Male Woolly Mammoths More Often Fell into Natural Traps
An international team of researchers led by the Swedish Museum of Natural History has discovered that fossilized remains of woolly mammoths (Mammuthus primigenius) more often came from males than females (69% versus 31%). The scientists speculate that this skewed ratio exists in the fossil record because inexperienced male mammoths more often traveled alone and got themselves killed by falling into natural traps that made their preservation more likely.
“Most bones, tusks, and teeth from mammoths and other Ice Age animals haven’t survived,” said senior author Dr. Love Dalen, from the Swedish Museum of Natural History.
“It is highly likely that the remains that are found in Siberia these days have been preserved because they have been buried, and thus protected from weathering.”
“Our findings imply that male mammoths more often died in a way that meant their remains were buried, perhaps by falling through lake ice in winter or getting stuck in bogs.”
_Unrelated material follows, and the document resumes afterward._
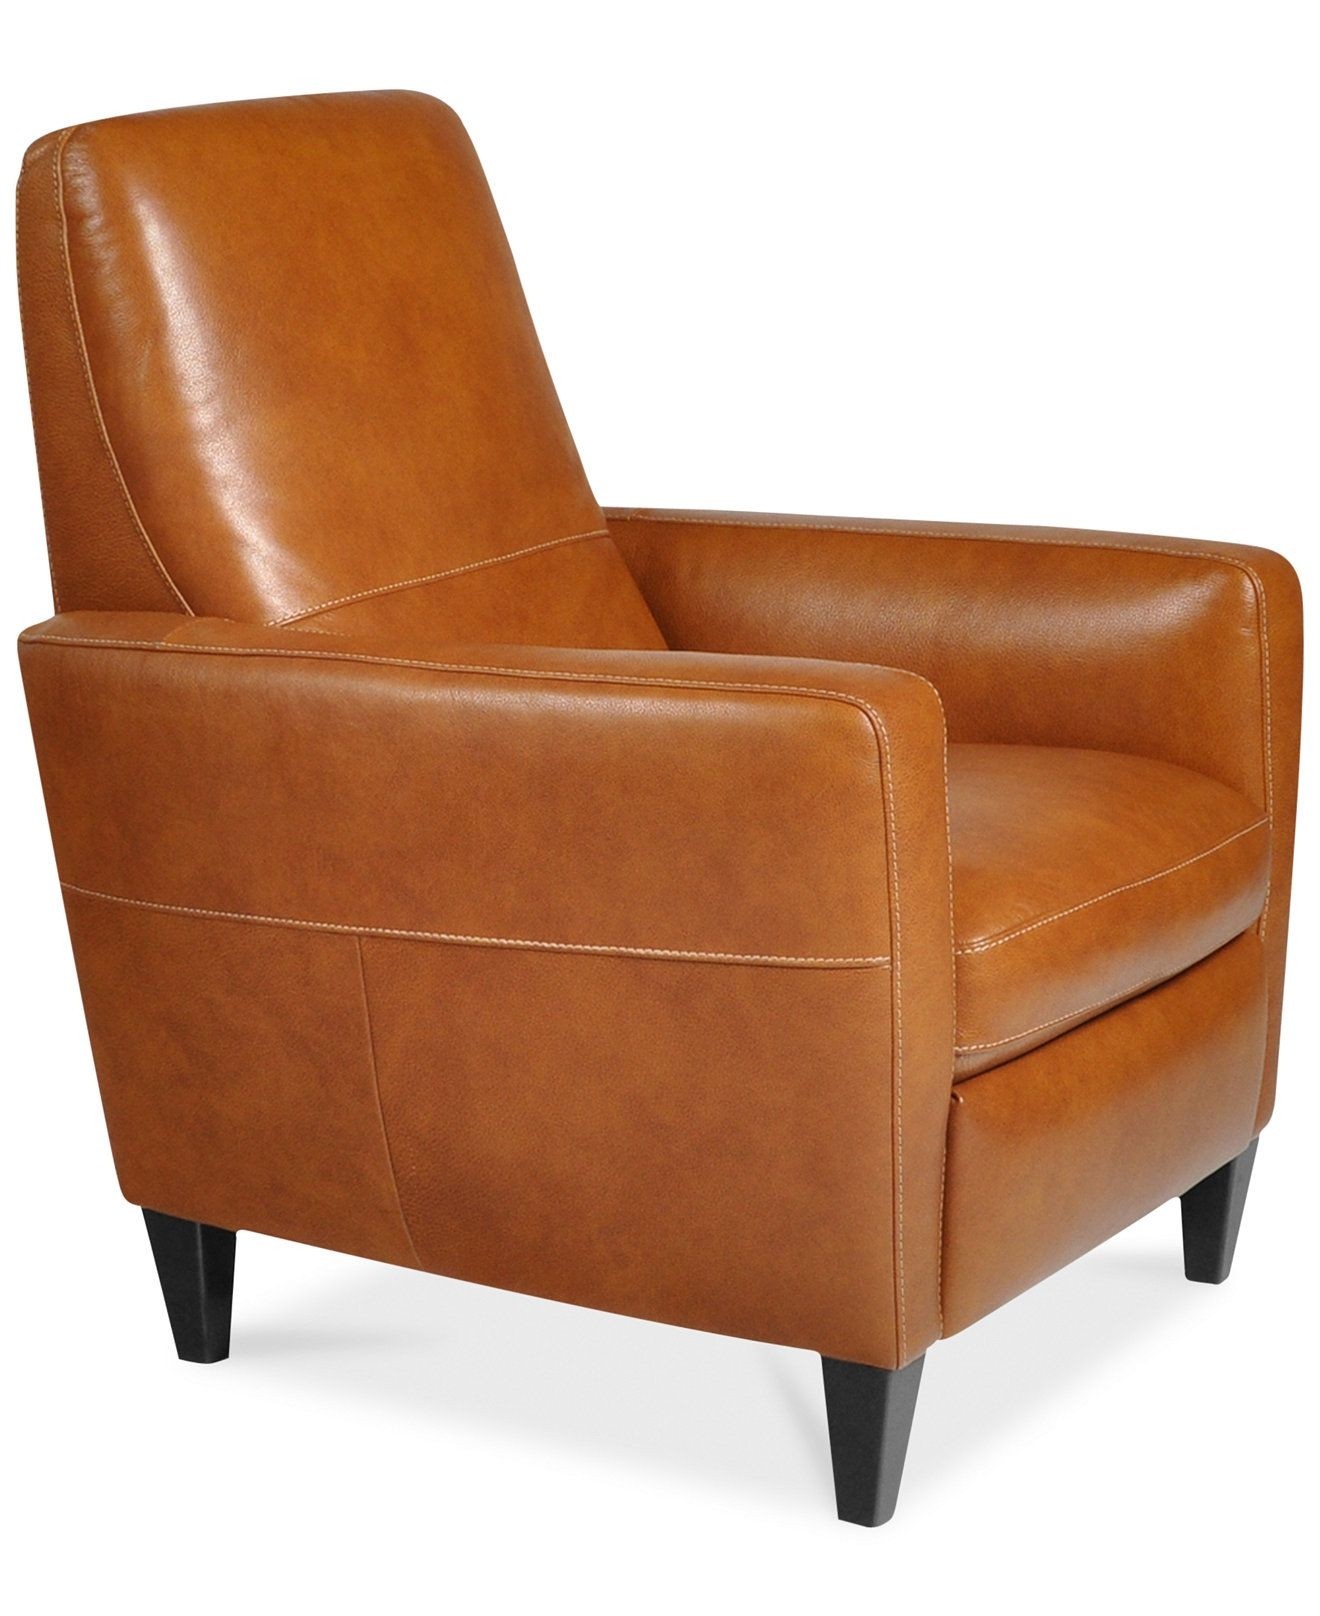 Contemporary leather recliner chairs 1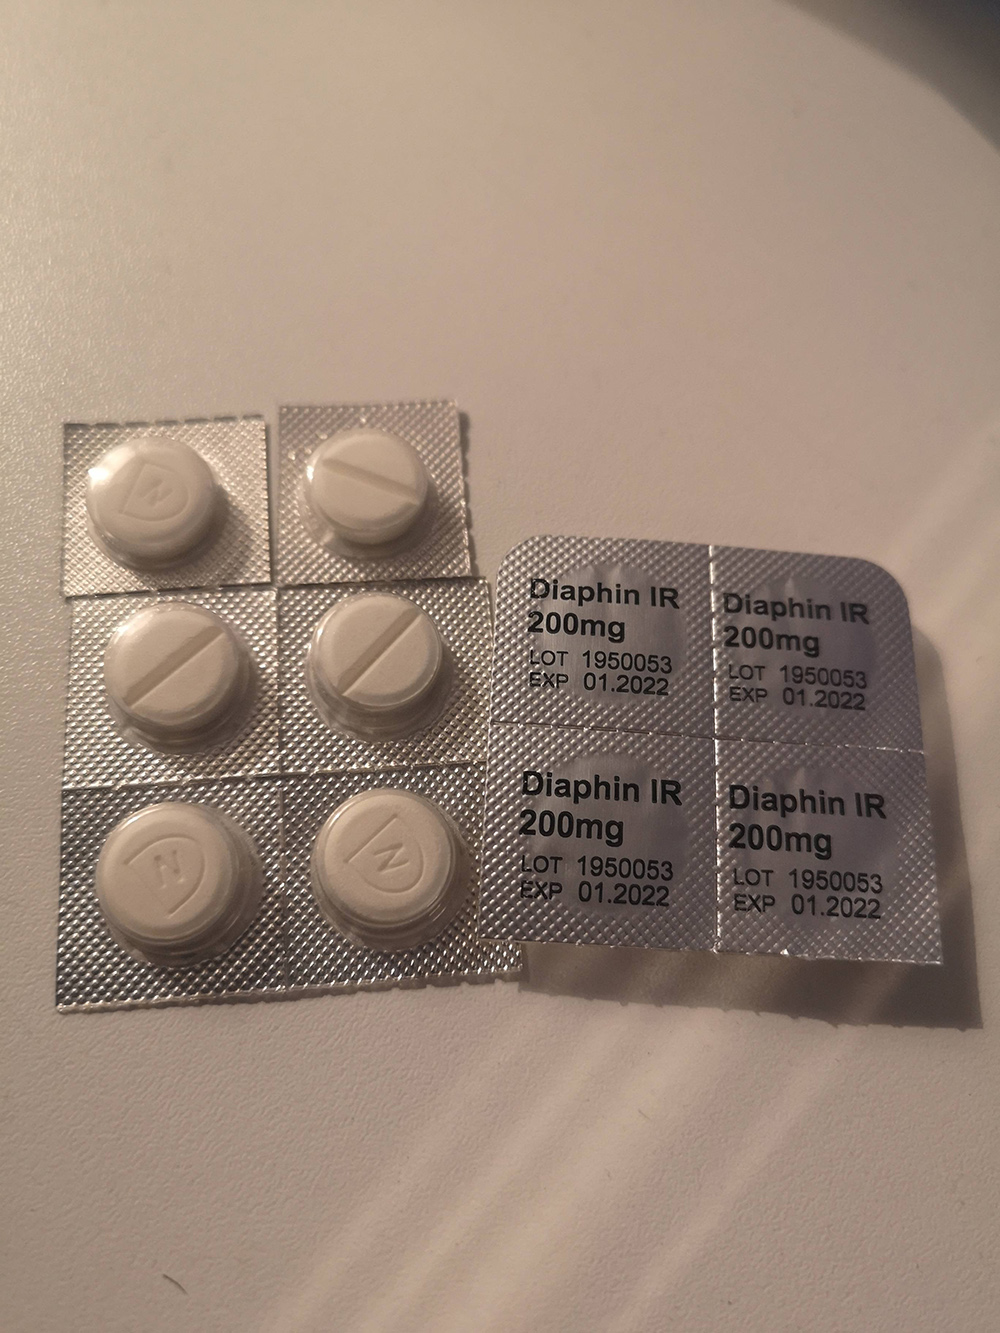 Pharmaceutical Heroin from Switzerland (Diaphin) for Sale

For the study, Dr. Dalen and colleagues generated genomic data from 98 bone, tooth, and tusk samples collected at various locations throughout Siberia.
They then used these data to determine the sex of the mammoth specimens.
“We were very surprised because there was no reason to expect a sex bias in the fossil record,” said first author Dr. Patrícia Pečnerová, also from the Swedish Museum of Natural History.
“Since the ratio of females to males was likely balanced at birth, we had to consider explanations that involved better preservation of male remains.”
The findings suggest that woolly mammoths lived similarly to modern elephants, with herds of females and young elephants led by an experienced adult female.
In contrast, the authors suspect that male mammoths, like elephants, more often lived in bachelor groups or alone and engaged in more risk-taking behavior.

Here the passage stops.